TextFormat::createImporter issues

Question

TextFormat::createImporter issues

kidnewthe opened this issue 2 years ago · comments

when I use FileSystem::native()->loadTextAutodetect open a file, it return an error decode string.
the detected result is ply::TextFormat={encoding=Bytes (0) newLine=LF (0) bom=false } that`s right.
I saw in TextFormat::createImporterat
` OptionallyOwned importer;

if (this->encoding == TextFormat::Encoding::UTF8) {
    importer = std::move(ins);
} 
else {
    importer = Owned<InStream>::create(Owned<InPipe_TextConverter>::create(
        std::move(ins), TextEncoding::get<UTF8>(), encodingFromEnum(this->encoding)));
}

`
there TextFormat::Encoding::Bytes also forks with else, which I think is causing the problem.

I wrote a test program that you can verify.

Jeff Preshing · Answer 1 · Thu Jun 30 2022 08:13:30 GMT+0800 (China Standard Time)

Hello,

loadTextAutodetect is designed to automatically convert the input file to UTF-8.

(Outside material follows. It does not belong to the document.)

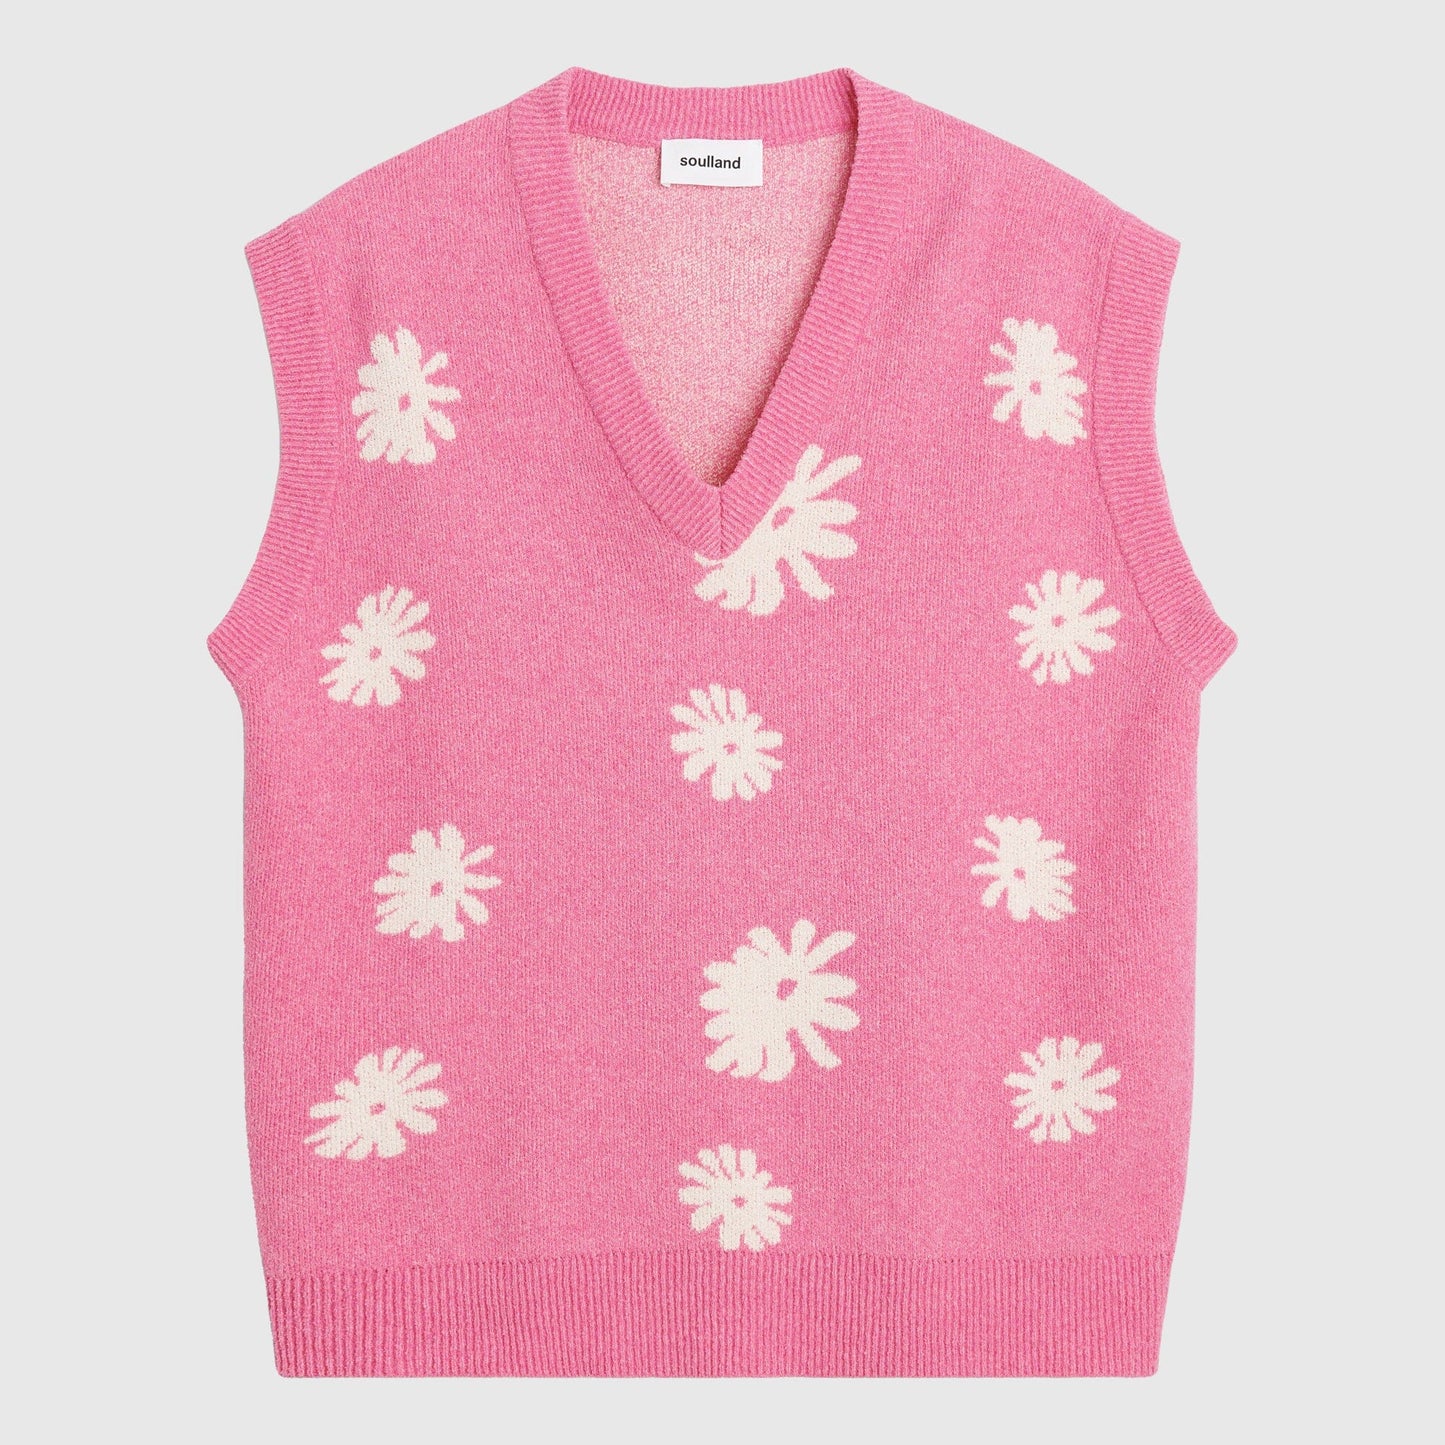 Soulland Kieran Vest - Pink Multi Knitwear Soulland 
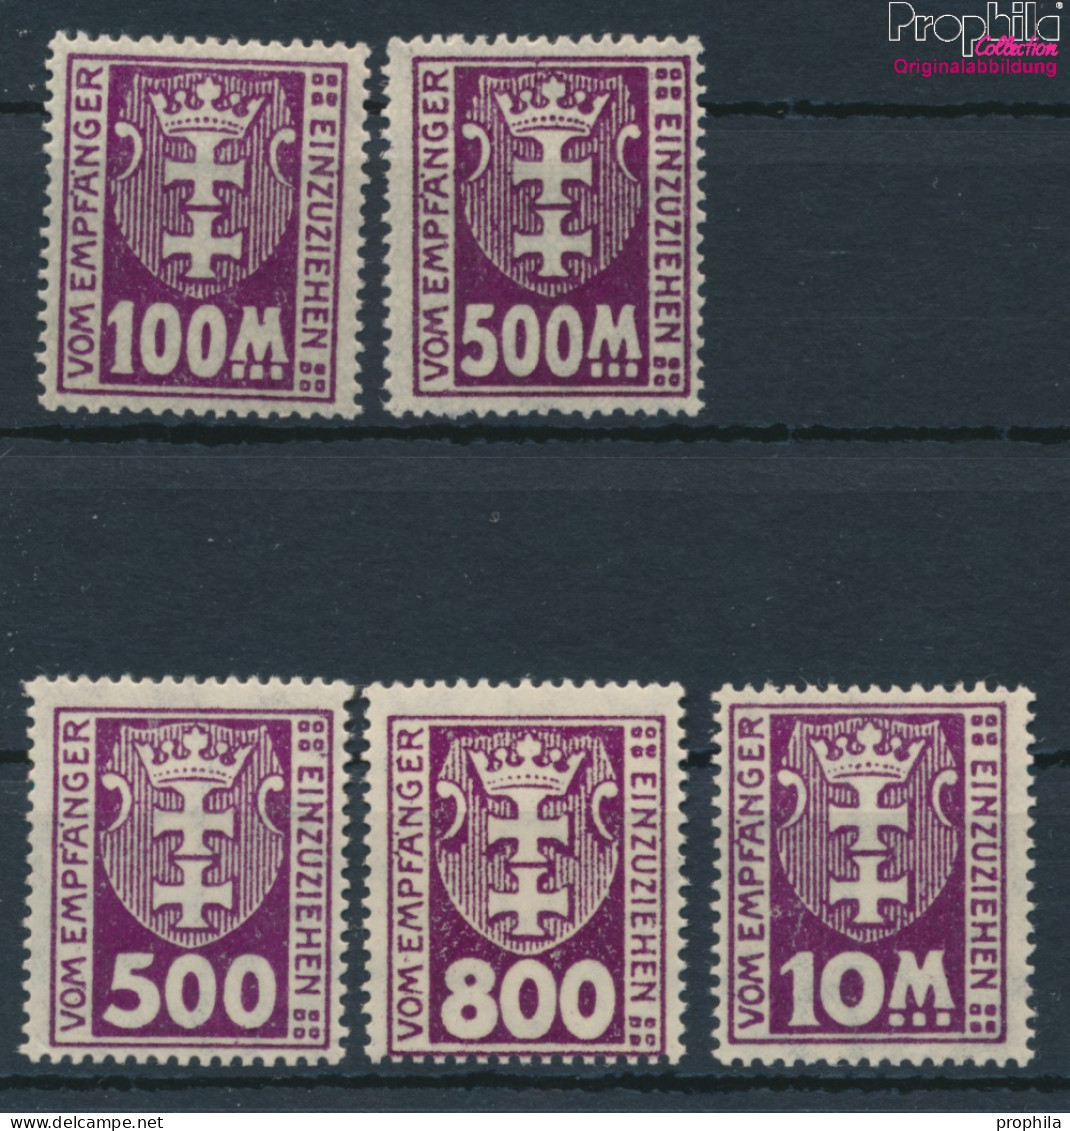 Danzig P19X-P25X (kompl.Ausg.), Stehendes Wssserzeichen Postfrisch 1923 Portomarke (10221859 - Taxe

Your input file contained: 66 6a 69 5f 31 32 33 09 c4 e3 ba c3 0a 66 6a 69 65 5f 32 33 09 b2 e2 ca d4 0a

As you saw, loadTextAutodetect detected this as TextFormat::Encoding::Bytes. Currently, that means each byte is interpreted as a Unicode code point according to the value of that byte.

The String returned from loadTextAutodetect contains: 66 6a 69 5f 31 32 33 09 c3 84 c3 a3 c2 ba c3 83 0a 66 6a 69 65 5f 32 33 09 c2 b2 c3 a2 c3 8a c3 94 0a

That's actually correct because, for example, c3 84 is the UTF-8 encoding of Unicode code point c4. I don't really see a bug here.

Perhaps you want to load the file using FileSystem::loadBinary instead. That will load the contents of your file into a String exactly as it is on disk.

kidnewthe · Answer 2 · Thu Jun 30 2022 17:23:17 GMT+0800 (China Standard Time)

Thanks for your answer, I didn't realize what loadTextAutodetect did. It gives me the feeling that it automatically parses the character type and then returns me the file content.

Jeff Preshing · Answer 3 · Sat Jul 02 2022 02:07:19 GMT+0800 (China Standard Time)

Maybe loadTextAutoconvertedToUTF8 would be a clearer name.